Chrétienté et christianisme ne recouvrent évidemment pas la même chose bien qu’ils puissent se recouper. Mais autant il est difficile sinon impossible d’extirper la chrétienté – le mythe du « blanc manteau d’églises » et de la France, « fille aînée de l’Église » – de la réaction, autant le christianisme, ainsi que le montre le Pape François, élu en mars 2013, conserve une irréductible charge révolutionnaire. Avec ce pape, le christianisme ne plie pas devant la réaction parfois fascisante « chrétienne ».

La tradition catholique d’extrême-droite est depuis au moins un siècle pour l’Eglise et contre le Christ. Zemmour l’a d’ailleurs redit sur France Inter, il y a quelques années[1]. C’est cette tradition qui, dans une tribune au Figaro, tente de déclarer nul et non avenu le travail de la CIASE sur la pédocriminalité dans l’Église[2]. Charles Maurras, chef de l’Action française, n’avait que faire du Christ et des Évangiles, de la même manière que les nazis souhaitaient, en vain, dépauliniser le christianisme avec les Deutsche Christen.[3]

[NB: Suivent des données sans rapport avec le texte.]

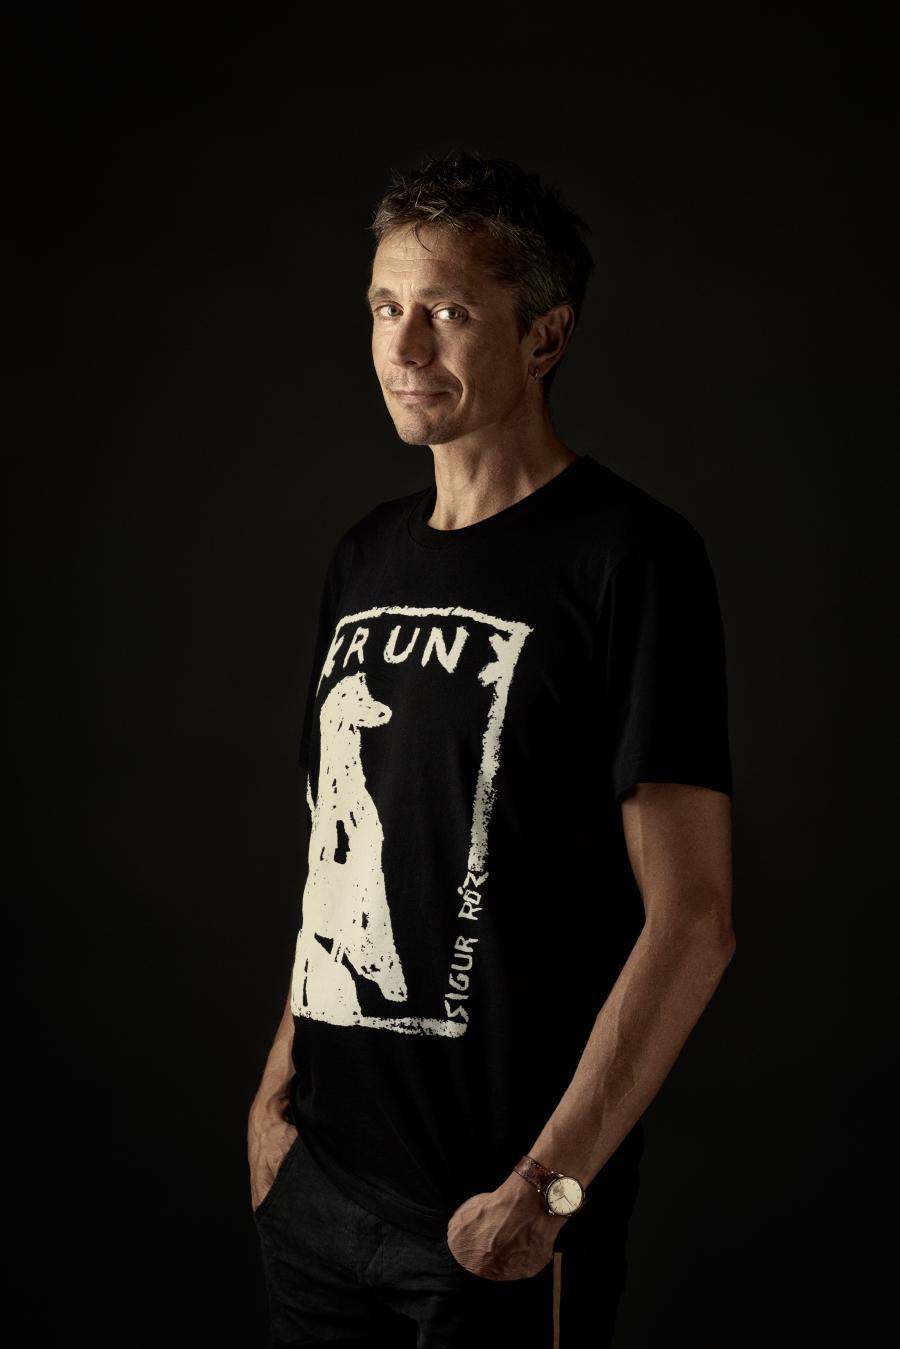 Søren R Fauth

Le Pape François, réputé pour sa solidité doctrinale[4], remet donc au goût du jour la parole évangélique contre la chrétienté et l’église bureaucratique dont il est néanmoins le chef. Ses critiques envers la Curie romaine et sa corruption évoquent ce que disait Mao Zedong pour justifier la Révolution culturelle[5]. La bourgeoisie est dans le Parti communiste ce que les marchands du Temple sont dans l’Église.

Le Pape défend une église des pauvres[6] dans une fidélité irréprochable au Nouveau testament qui évoque aussi celle du magnifique film de Pasolini, L’Évangile selon Saint-Matthieu[7]. Une Église qui porte le message du Christ, incompatible avec la bigoterie identitaire.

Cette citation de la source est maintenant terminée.